Data provided ::
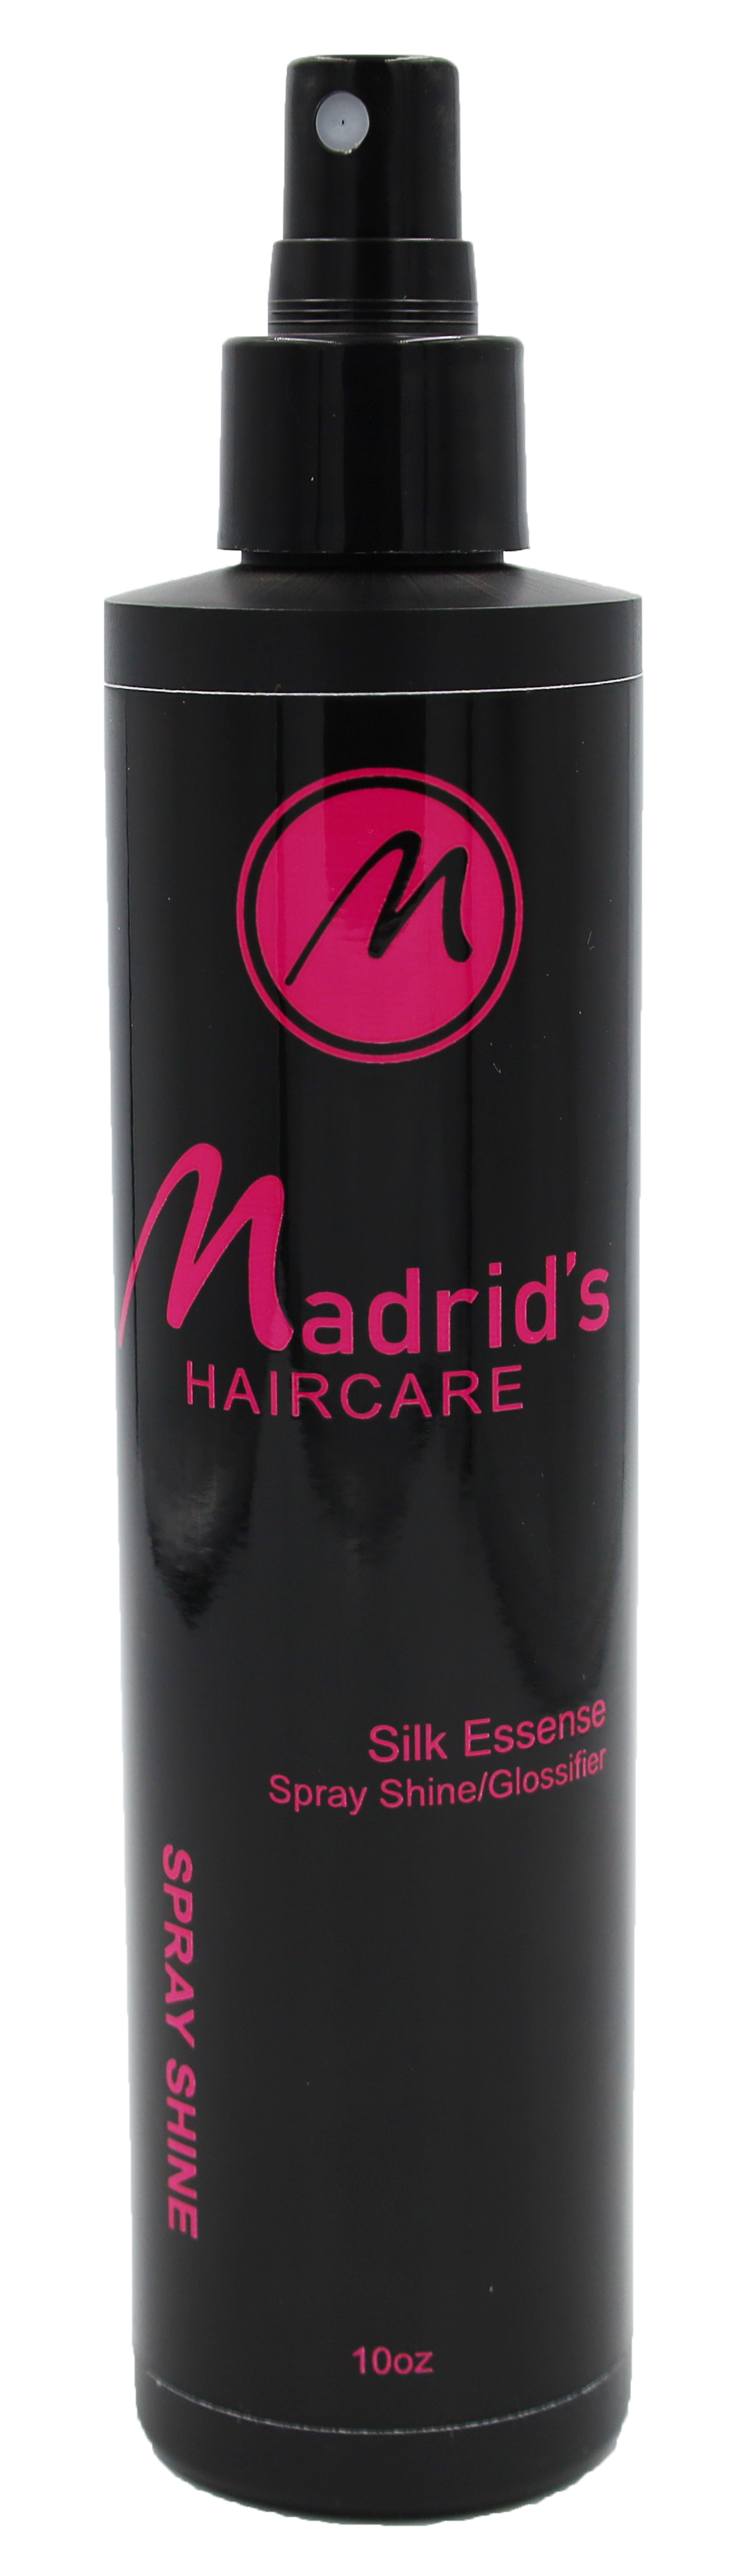 Madrid's Silk Essence Spray Shine
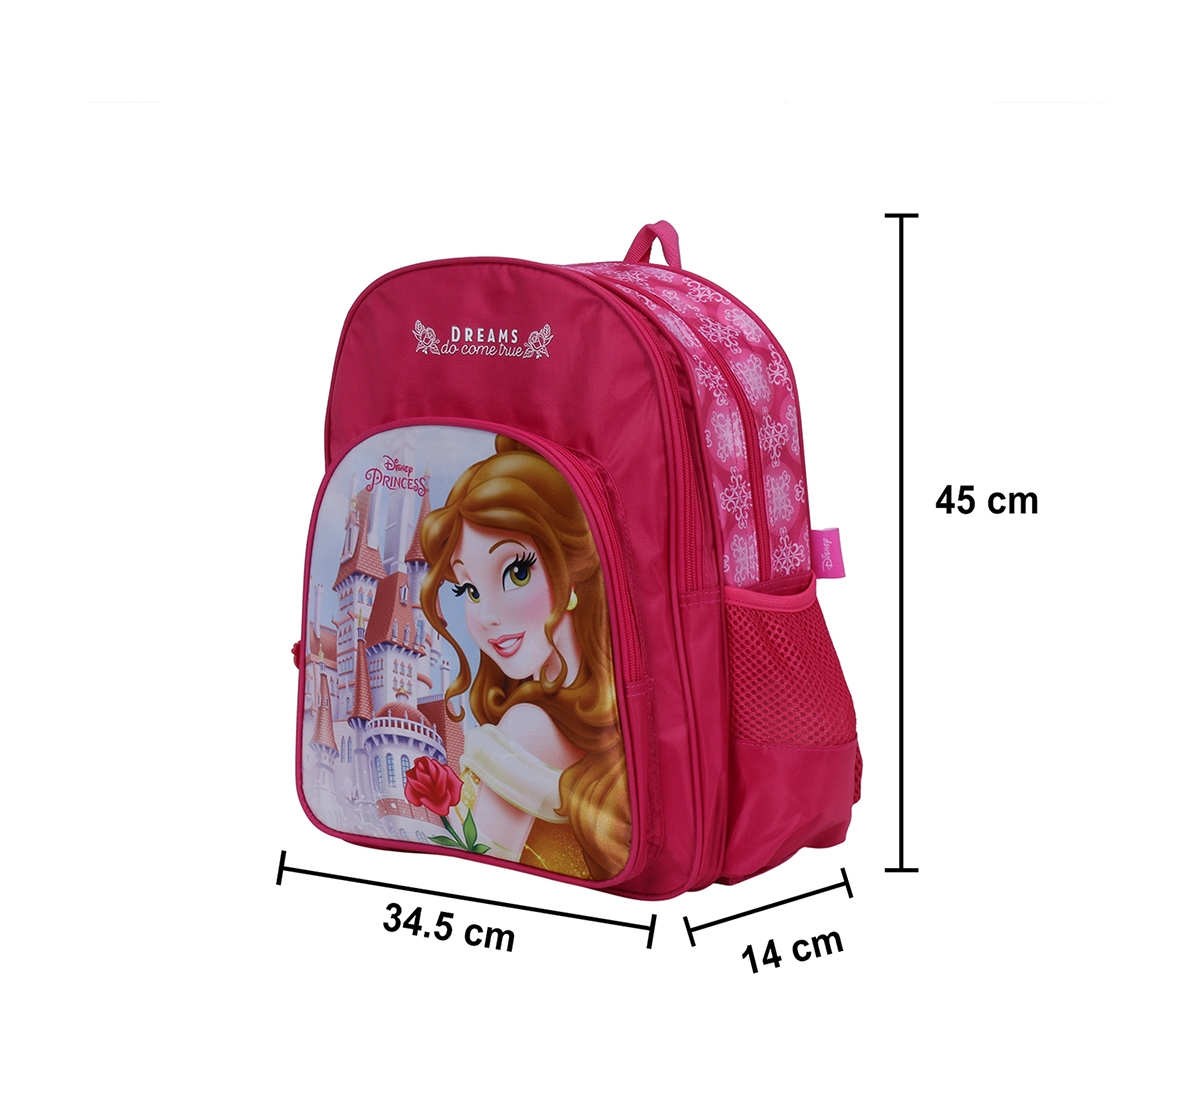 DISNEY | Disney Princess Castle 18" Backpack Bags for Girls age 3Y+  6
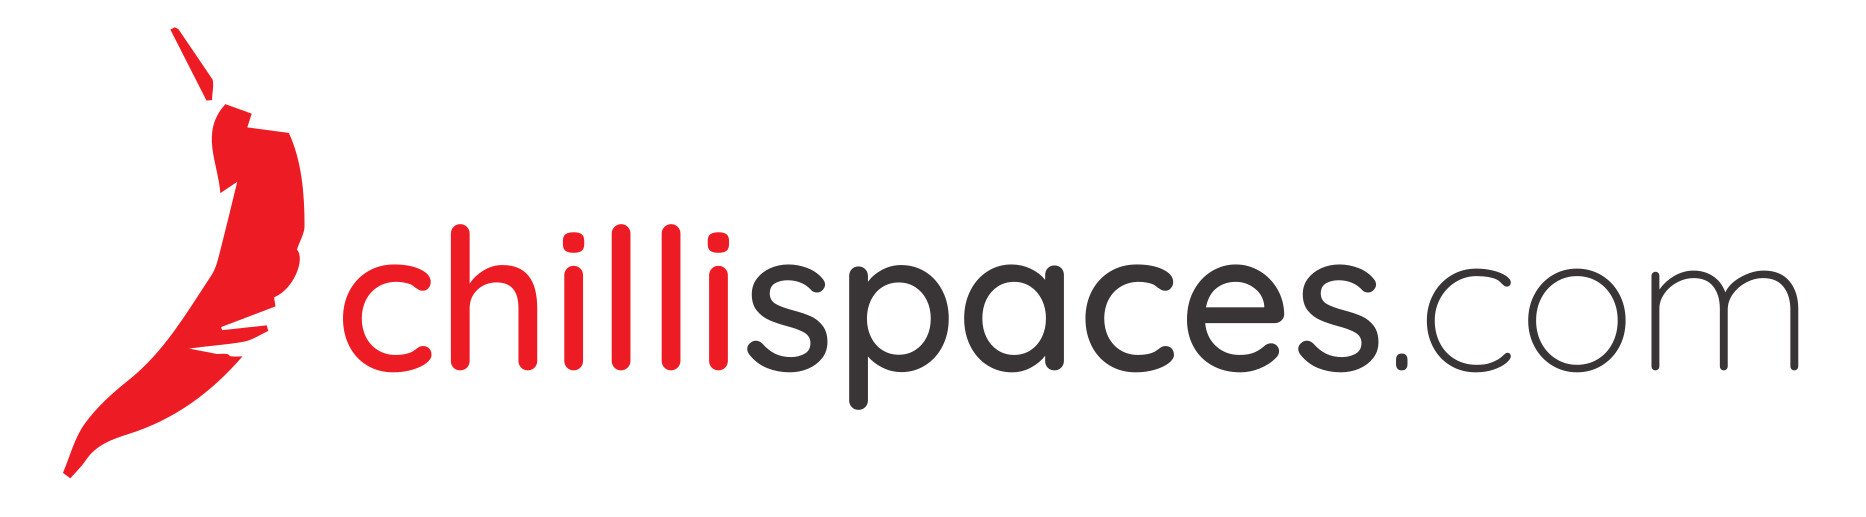 Chili Spaces logo
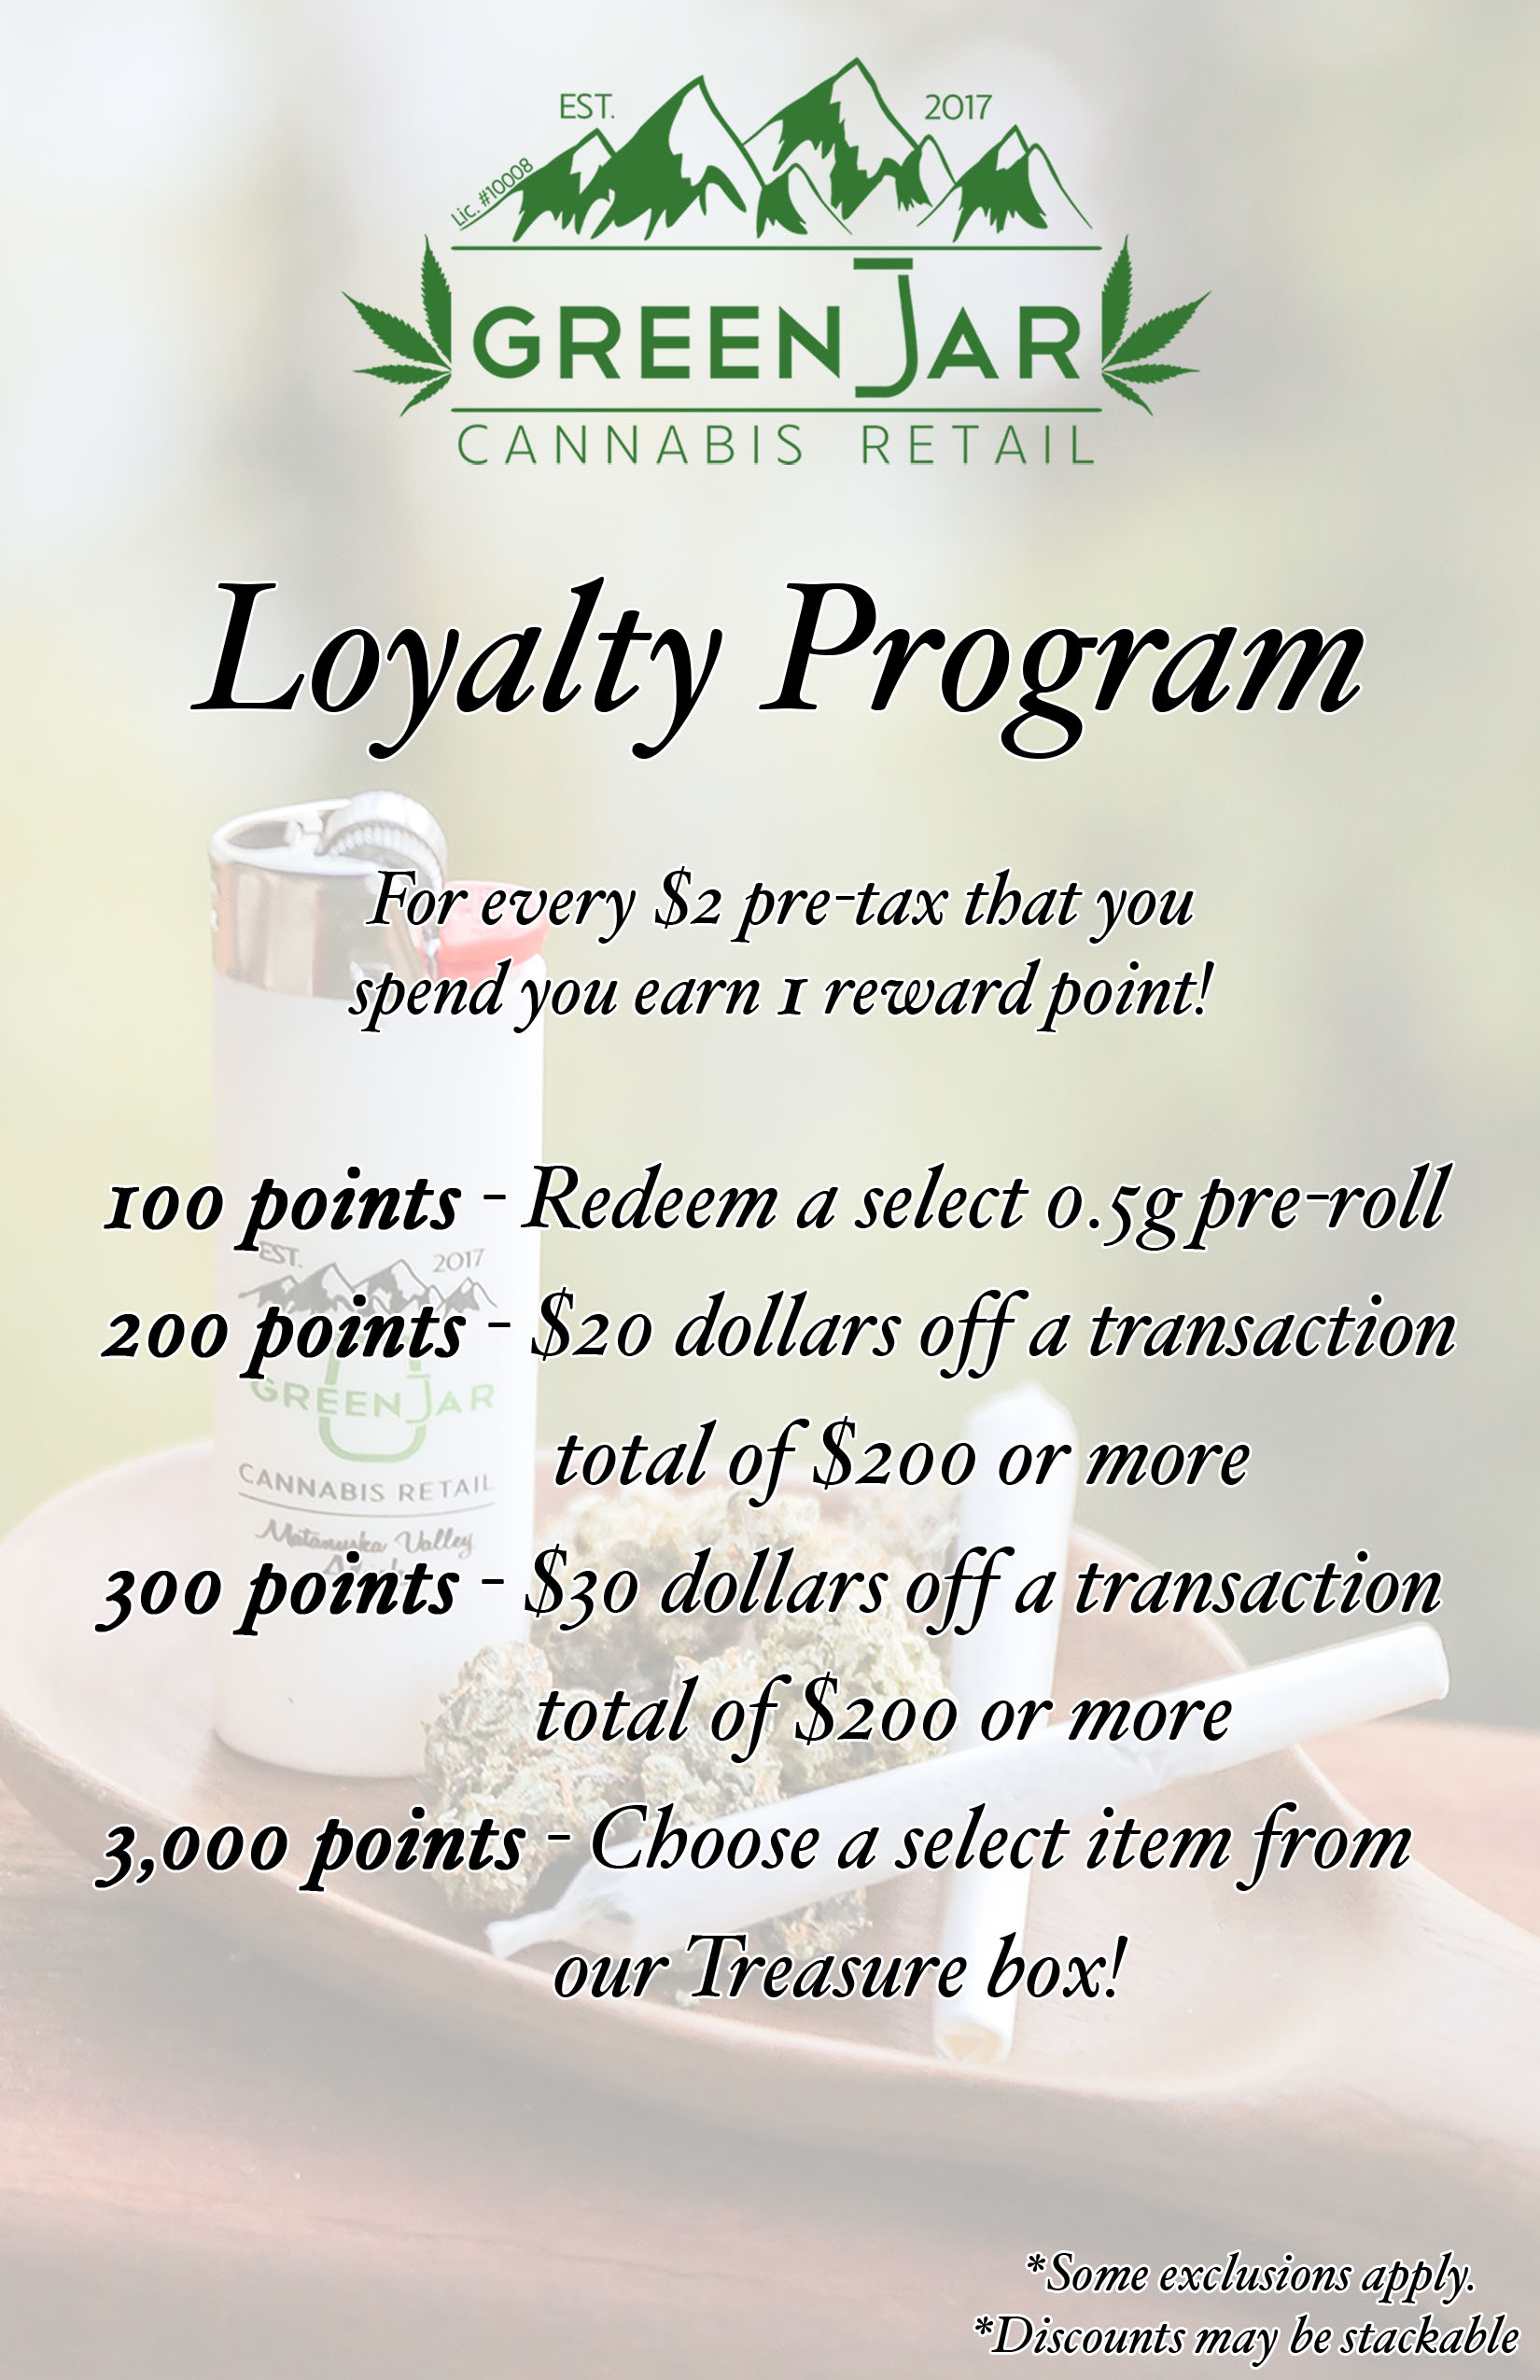 The Green Jar loyalty program

Instructions for the task ::
Pictures are not part of the copy; reproduce exactly and only the lines from the line containing "DISNEY | Disney" through the end of the listing.

Expected output ::
 DISNEY | Disney Princess Castle 18" Backpack Bags for Girls age 3Y+  6
 Chili Spaces logo
 The Green Jar loyalty program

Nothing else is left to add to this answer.